◆ Goal of the exercise ◆
Your job is to return every line in the data holding the string "Panel".

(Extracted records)
------------------------------

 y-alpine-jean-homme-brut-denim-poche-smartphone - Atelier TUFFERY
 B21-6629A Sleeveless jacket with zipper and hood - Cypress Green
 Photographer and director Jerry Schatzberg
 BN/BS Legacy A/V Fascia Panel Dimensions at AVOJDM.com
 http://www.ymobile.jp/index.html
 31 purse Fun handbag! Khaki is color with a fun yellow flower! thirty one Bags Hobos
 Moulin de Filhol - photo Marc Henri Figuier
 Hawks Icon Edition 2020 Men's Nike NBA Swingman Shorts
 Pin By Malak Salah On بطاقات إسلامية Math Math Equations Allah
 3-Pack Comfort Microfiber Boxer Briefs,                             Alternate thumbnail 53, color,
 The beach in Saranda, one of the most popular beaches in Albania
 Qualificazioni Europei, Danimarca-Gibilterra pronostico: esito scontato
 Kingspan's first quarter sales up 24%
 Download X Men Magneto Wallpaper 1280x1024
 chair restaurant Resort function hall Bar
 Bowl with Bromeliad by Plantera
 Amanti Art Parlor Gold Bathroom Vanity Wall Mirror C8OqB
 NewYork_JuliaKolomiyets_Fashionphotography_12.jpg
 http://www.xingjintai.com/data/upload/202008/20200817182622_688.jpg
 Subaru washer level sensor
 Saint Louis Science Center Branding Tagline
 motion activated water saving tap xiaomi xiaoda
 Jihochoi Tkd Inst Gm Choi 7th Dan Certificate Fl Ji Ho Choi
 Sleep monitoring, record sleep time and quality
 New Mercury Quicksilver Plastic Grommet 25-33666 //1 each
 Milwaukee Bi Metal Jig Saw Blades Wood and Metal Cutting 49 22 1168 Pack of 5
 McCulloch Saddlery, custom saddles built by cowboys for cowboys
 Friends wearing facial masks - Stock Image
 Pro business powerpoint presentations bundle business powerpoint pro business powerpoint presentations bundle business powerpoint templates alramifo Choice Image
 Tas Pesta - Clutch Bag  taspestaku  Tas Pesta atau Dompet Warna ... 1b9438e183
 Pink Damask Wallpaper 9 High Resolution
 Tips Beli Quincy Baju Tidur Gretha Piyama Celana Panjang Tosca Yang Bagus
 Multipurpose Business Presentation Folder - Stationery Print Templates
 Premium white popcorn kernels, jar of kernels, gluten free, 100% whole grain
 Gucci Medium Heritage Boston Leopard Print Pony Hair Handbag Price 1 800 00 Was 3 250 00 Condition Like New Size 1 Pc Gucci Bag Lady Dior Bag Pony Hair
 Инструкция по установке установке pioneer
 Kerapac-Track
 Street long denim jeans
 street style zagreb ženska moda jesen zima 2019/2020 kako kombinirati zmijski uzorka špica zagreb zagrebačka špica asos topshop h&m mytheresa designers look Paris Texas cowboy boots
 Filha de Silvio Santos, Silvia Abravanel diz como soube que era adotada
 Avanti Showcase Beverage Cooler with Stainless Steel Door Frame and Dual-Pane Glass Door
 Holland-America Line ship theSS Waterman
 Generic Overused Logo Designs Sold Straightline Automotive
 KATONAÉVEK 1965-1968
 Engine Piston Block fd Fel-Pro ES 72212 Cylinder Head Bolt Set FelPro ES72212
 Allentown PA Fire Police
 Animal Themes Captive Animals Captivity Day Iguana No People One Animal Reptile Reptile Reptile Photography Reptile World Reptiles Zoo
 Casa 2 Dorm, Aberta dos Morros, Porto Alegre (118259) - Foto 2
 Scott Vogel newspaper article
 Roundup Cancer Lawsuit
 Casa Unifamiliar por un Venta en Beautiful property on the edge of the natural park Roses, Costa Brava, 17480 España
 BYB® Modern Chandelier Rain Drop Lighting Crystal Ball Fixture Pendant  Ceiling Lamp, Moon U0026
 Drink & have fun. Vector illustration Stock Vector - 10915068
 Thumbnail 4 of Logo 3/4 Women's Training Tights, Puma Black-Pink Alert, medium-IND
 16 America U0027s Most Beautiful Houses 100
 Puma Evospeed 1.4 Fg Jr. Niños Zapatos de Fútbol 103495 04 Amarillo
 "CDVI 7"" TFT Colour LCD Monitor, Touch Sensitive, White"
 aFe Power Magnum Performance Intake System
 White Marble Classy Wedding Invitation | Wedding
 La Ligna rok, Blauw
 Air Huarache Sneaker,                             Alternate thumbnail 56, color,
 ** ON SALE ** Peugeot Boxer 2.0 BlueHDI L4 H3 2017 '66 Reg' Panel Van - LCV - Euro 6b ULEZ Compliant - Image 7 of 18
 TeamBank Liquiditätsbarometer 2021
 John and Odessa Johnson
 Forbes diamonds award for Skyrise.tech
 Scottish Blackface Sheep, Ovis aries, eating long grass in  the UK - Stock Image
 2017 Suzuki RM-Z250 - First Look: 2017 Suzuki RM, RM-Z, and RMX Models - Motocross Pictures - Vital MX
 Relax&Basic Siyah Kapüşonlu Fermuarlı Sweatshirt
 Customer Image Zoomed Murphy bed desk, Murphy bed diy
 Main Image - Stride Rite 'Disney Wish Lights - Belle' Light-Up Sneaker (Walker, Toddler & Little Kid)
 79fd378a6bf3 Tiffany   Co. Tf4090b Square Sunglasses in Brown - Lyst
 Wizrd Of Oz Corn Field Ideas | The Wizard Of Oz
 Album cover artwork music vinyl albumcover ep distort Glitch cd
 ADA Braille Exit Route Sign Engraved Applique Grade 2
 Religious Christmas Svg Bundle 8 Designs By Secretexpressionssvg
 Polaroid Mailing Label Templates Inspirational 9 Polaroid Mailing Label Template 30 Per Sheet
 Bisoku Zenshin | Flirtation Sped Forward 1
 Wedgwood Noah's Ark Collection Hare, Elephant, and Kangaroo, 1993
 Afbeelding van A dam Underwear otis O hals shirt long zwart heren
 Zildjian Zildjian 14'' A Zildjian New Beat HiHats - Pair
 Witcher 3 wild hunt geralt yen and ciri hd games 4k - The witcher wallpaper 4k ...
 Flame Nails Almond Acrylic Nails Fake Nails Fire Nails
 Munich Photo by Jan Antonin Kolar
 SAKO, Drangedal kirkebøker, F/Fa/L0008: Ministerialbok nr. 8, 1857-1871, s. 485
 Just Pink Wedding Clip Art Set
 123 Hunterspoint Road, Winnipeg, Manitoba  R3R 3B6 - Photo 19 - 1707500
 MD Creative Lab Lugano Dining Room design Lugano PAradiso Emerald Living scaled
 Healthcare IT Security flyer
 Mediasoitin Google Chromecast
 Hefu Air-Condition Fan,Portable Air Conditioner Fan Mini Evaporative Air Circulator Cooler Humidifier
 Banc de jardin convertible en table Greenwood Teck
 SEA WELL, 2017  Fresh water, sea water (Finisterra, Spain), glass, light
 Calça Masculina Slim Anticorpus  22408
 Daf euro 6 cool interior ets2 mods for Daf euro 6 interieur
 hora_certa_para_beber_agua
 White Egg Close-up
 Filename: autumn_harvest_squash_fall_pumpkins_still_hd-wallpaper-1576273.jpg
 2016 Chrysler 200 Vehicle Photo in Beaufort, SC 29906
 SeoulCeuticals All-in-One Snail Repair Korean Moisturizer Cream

------------------------------

◆ Output ◆
 BN/BS Legacy A/V Fascia Panel Dimensions at AVOJDM.com
 ** ON SALE ** Peugeot Boxer 2.0 BlueHDI L4 H3 2017 '66 Reg' Panel Van - LCV - Euro 6b ULEZ Compliant - Image 7 of 18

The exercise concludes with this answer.